- Supreme Court of the United States

Decided June 23, 2017
- Full case name: Murr v. Wisconsin
- Docket no.: 15-214
- Citations: 582 U.S. 383 (more)

Holding
- The reviewing court was correct to analyze the lot owners' property as a single unit in assessing the effect of a governmental action challenged as a regulatory taking.

Court membership
- Chief Justice John Roberts Associate Justices Anthony Kennedy · Clarence Thomas Ruth Bader Ginsburg · Stephen Breyer Samuel Alito · Sonia Sotomayor Elena Kagan · Neil Gorsuch

Case opinions
- Majority: Kennedy
- Dissent: Roberts, joined by Thomas, Alito
- Dissent: Thomas
- Gorsuch took no part in the consideration or decision of the case.

= Murr v. Wisconsin =

Murr v. Wisconsin, , was a United States Supreme Court case in which the court held that the reviewing court was correct to analyze the lot owners' property as a single unit in assessing the effect of a governmental action challenged as a regulatory taking.

==Background==

The St. Croix River, which forms part of the boundary between Wisconsin and Minnesota, is protected under federal, state, and local law. Murr family owned two adjacent lots—Lot E and Lot F—along the lower portion of the river in the town of Troy, Wisconsin. For the area where the Murr family's property was located, state and local regulations prevent the use or sale of adjacent lots under common ownership as separate building sites unless they have at least one acre of land suitable for development. A grandfather clause relaxes this restriction for substandard lots that were in separate ownership from adjacent lands on January 1, 1976, the regulation's effective date.

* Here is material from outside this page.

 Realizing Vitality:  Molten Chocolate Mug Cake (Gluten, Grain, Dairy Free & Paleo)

The Murr family's parents purchased Lots E and F separately in the 1960's, and maintained them under separate ownership until transferring Lot F to the Murr family in 1994 and Lot E to the Murr family in 1995. Both lots are over one acre in size, but because of their topography they each have less than one acre suitable for development. The unification of the lots under common ownership therefore implicated the rules barring their separate sale or development. The Murr family became interested in selling Lot E as part of an improvement plan for the lots, and sought variances from the St. Croix County Board of Adjustment. The Board denied the request, and the state courts affirmed in relevant part. In particular, the State Court of Appeals found that the local ordinance effectively merged the lots, so the Murr family could only sell or build on the single combined lot.

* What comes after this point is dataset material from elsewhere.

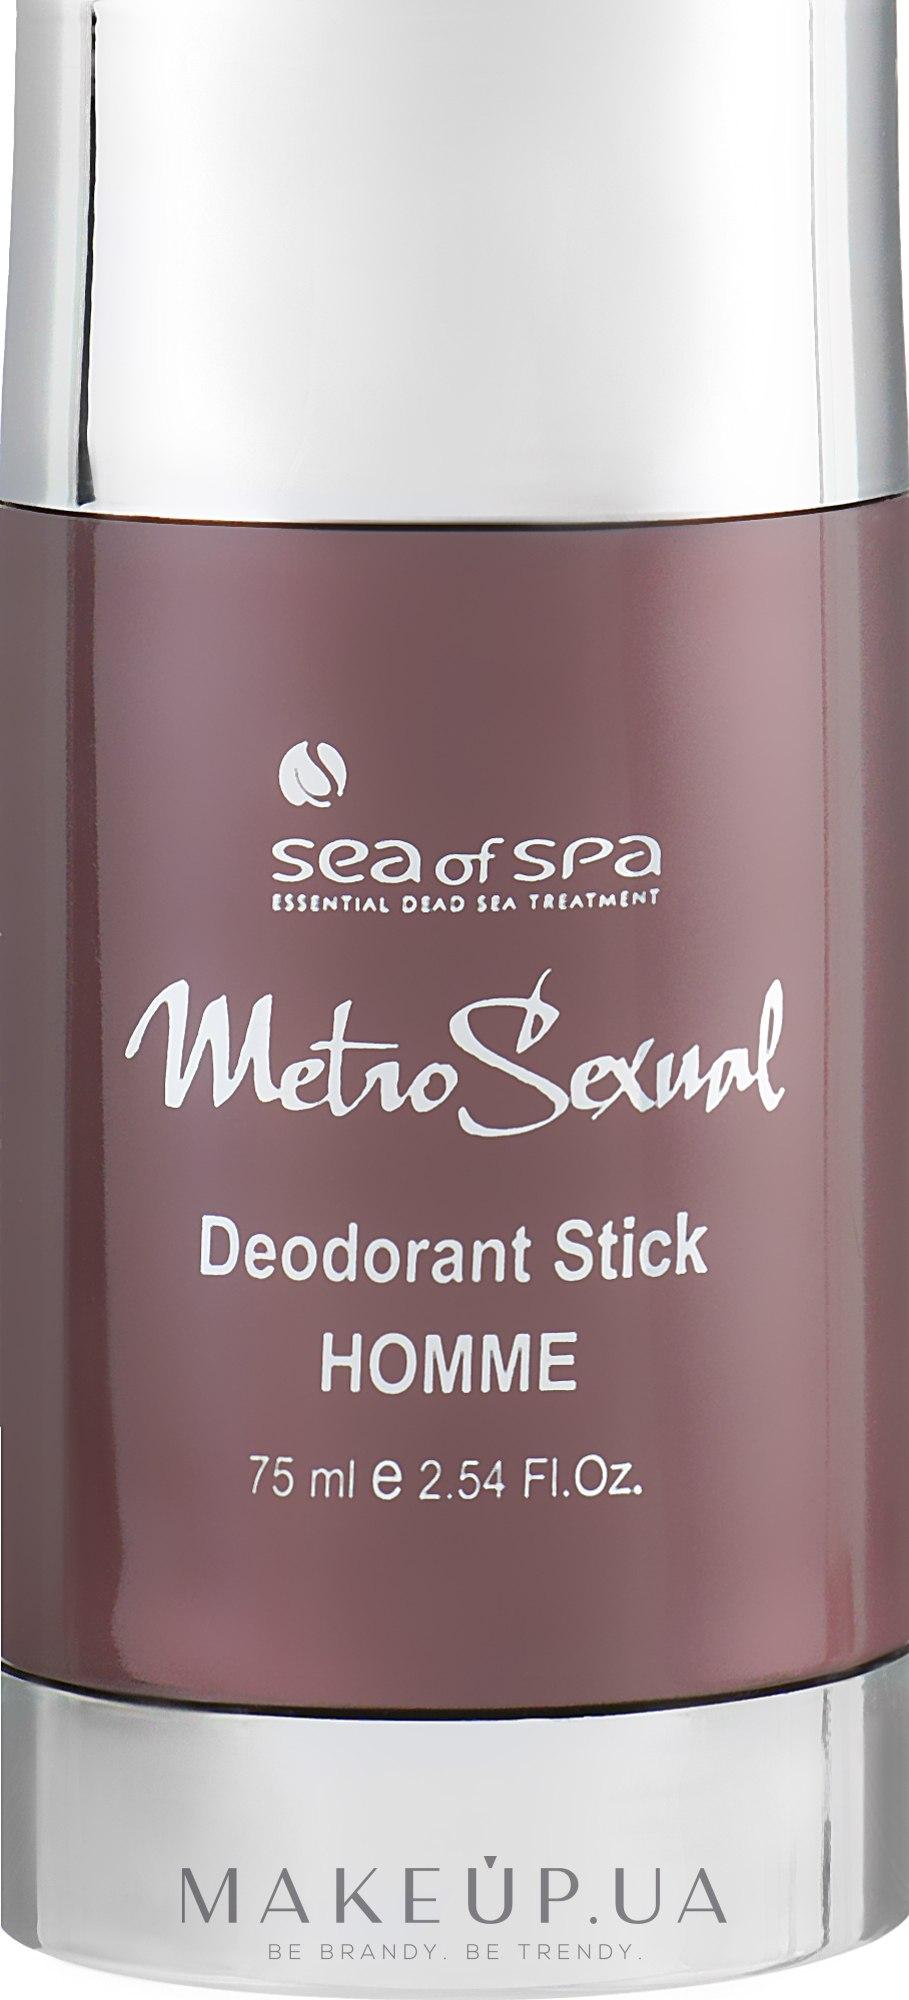 Дезодорант-стік - Sea Of Spa MetroSexual Bio-Mimetic Deodorant Stick Homme — фото 75ml

The Murr family filed suit, alleging that the regulations worked a regulatory taking that deprived them of all, or practically all, of the use of Lot E. The County Circuit Court granted summary judgment to the State, explaining that the Murr family had other options to enjoy and use their property, including eliminating the cabin and building a new residence on either lot or across both. The court also found that the Murr family had not been deprived of all economic value of their property, because the decrease in market value of the unified lots was less than 10 percent. The State Court of Appeals affirmed, holding that the takings analysis properly focused on Lots E and F together and that, using that framework, the merger regulations did not effect a taking.

==Opinion of the Court==

=== Majority ===
The Court held 5-3 that the land's "denominator," for the takings analysis, should aggregate the two lots of land to judge them as a single plot of land. Justice Kennedy wrote for the majority and endorsed a three-part denominator test weighing “[1] the treatment of the land under state and local law; [2] the physical characteristics of the land; and [3] the prospective value of the regulated land.”

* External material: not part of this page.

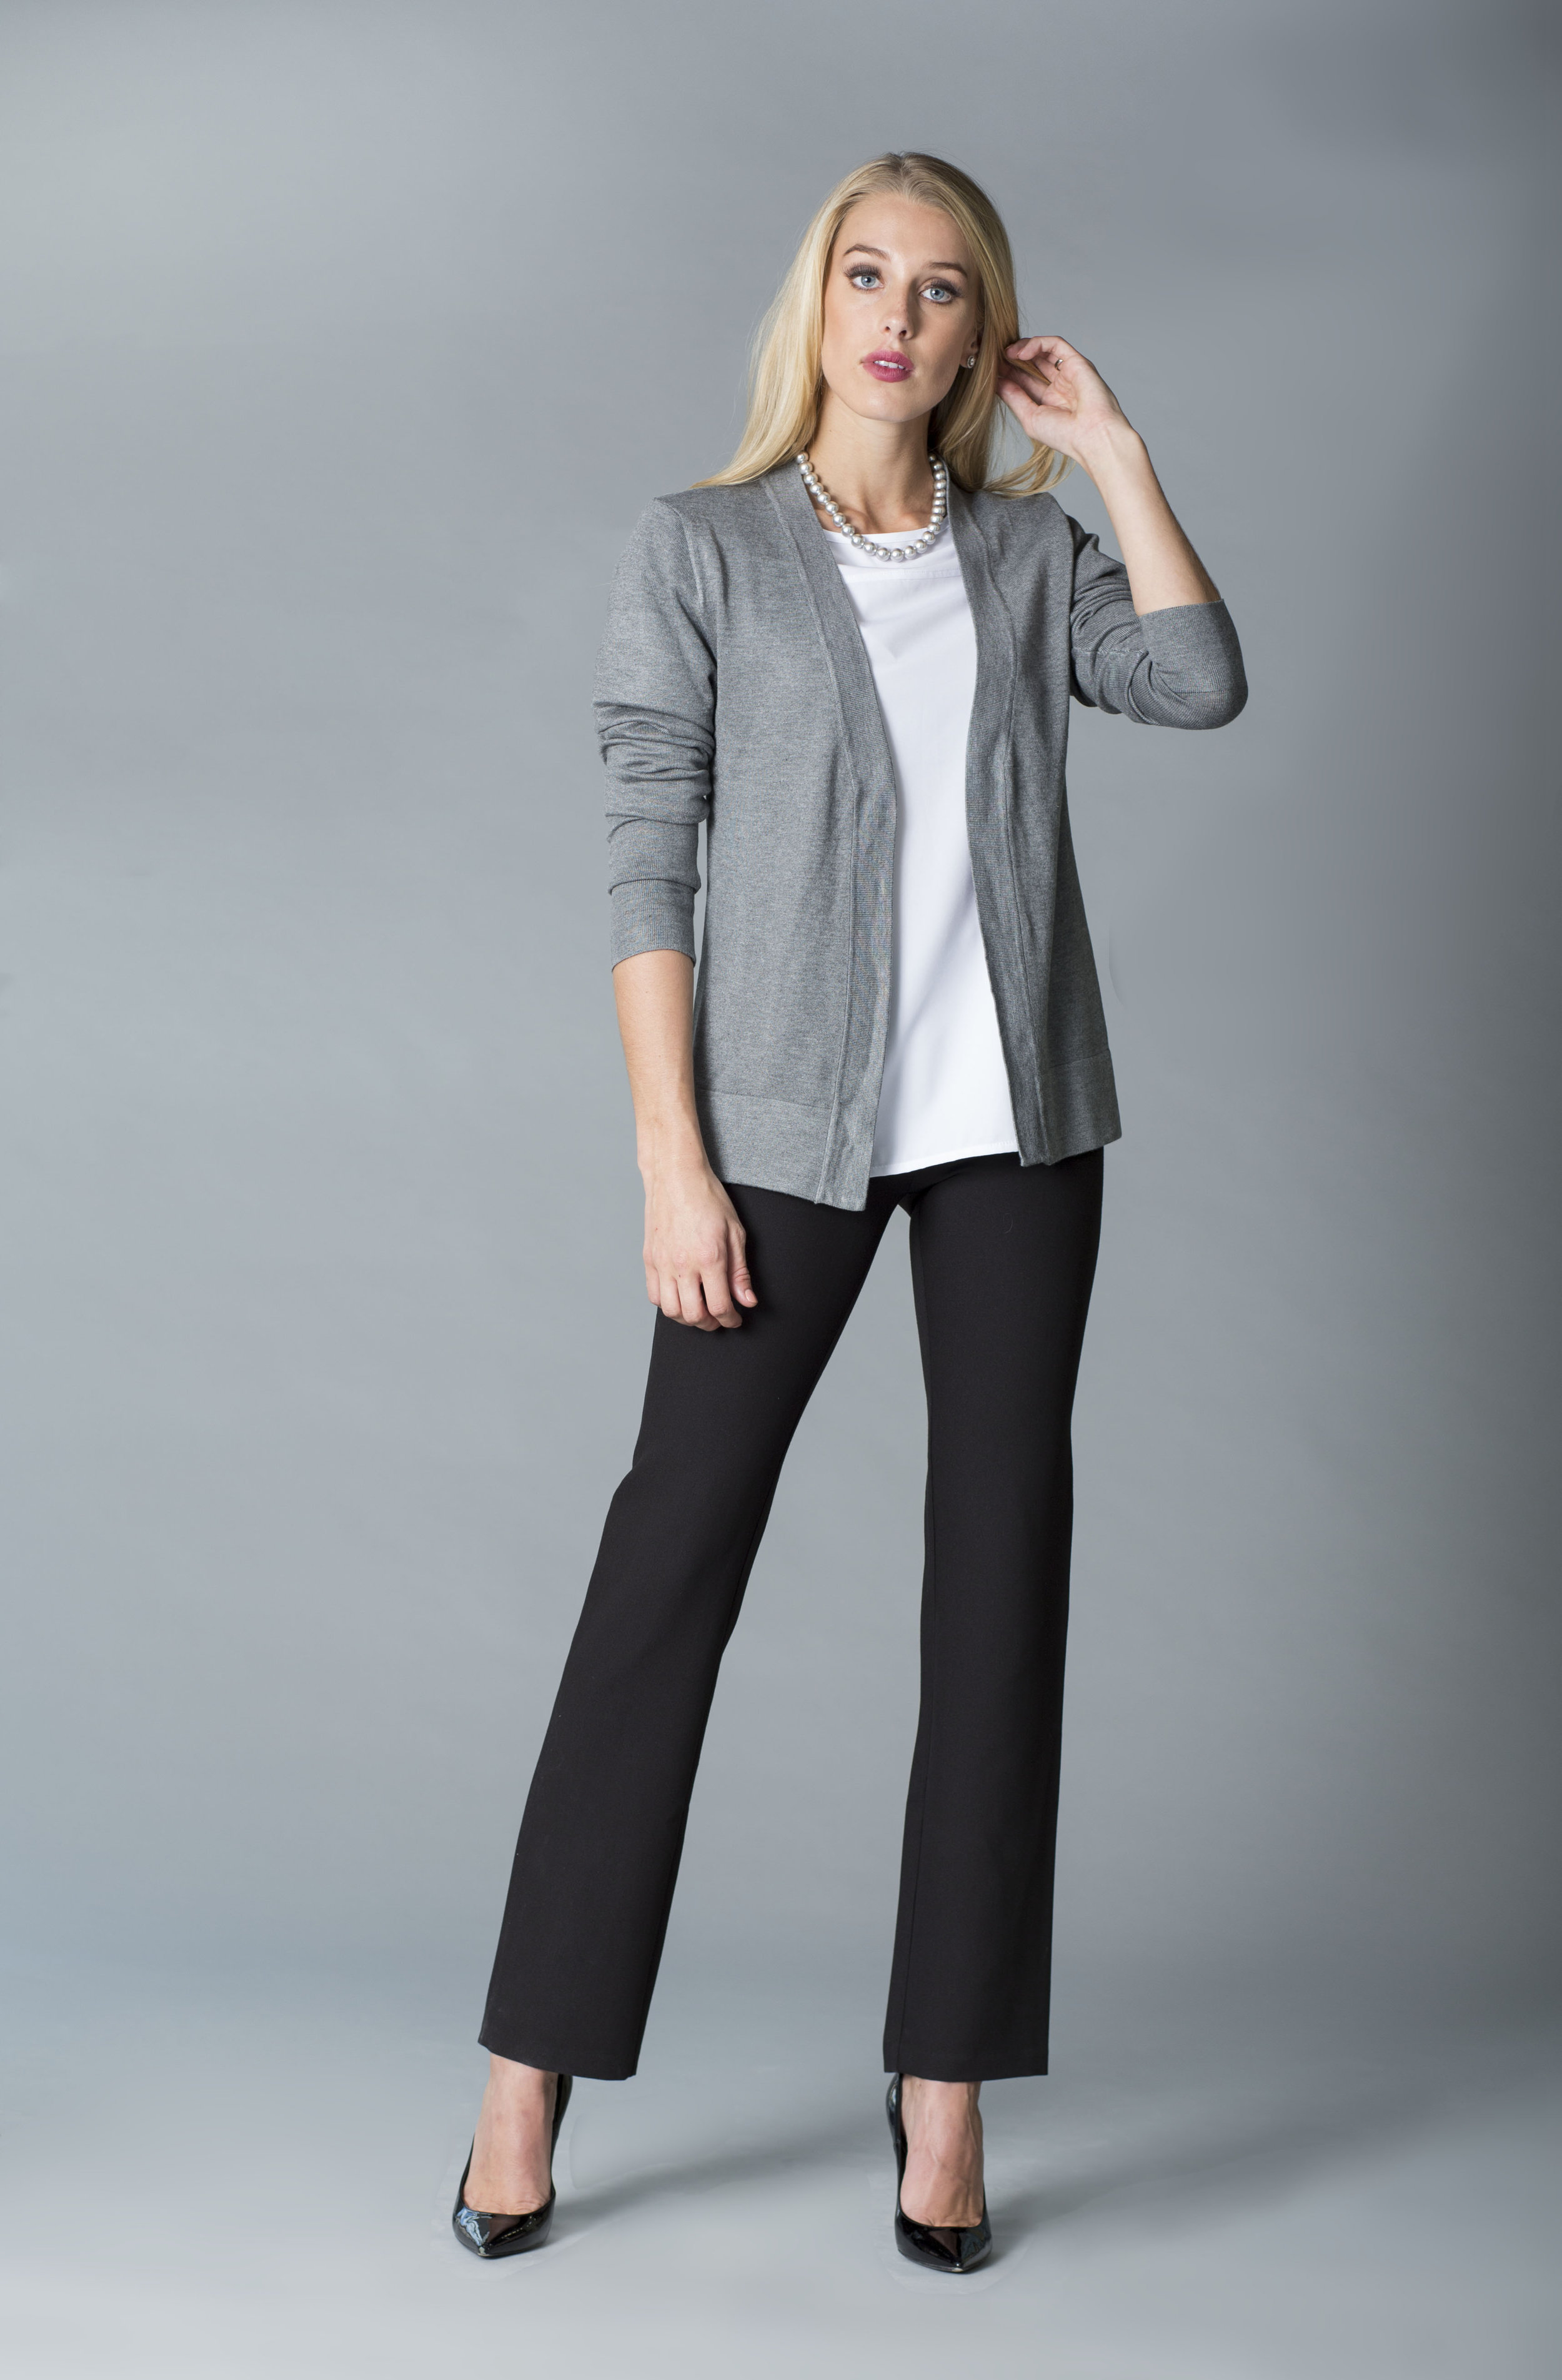 MDSN 659 blanca- pant negro-cardigan gris copy.jpg

Based on this test, the majority held that because [1] Wisconsin law merged the plots of land; [2] the lots were contiguous and covered in rough terrain; [3] the aggregate value of two plots together was greater than the sum of the two separated lots' values, that the lot of land should be merged.

=== Dissent ===
The dissent agreed that the regulations on the Murrs' land was not a taking. However, Chief Justice John Roberts' dissent warned that the majority's prescribed denominator test gave the government too much leverage and discretion in takings questions. They emphasized that the government's interest is already considered in legal questions on whether takings occurred, and so considering the government's interest again in assessing the "denominator" of land would threaten individuals' property rights.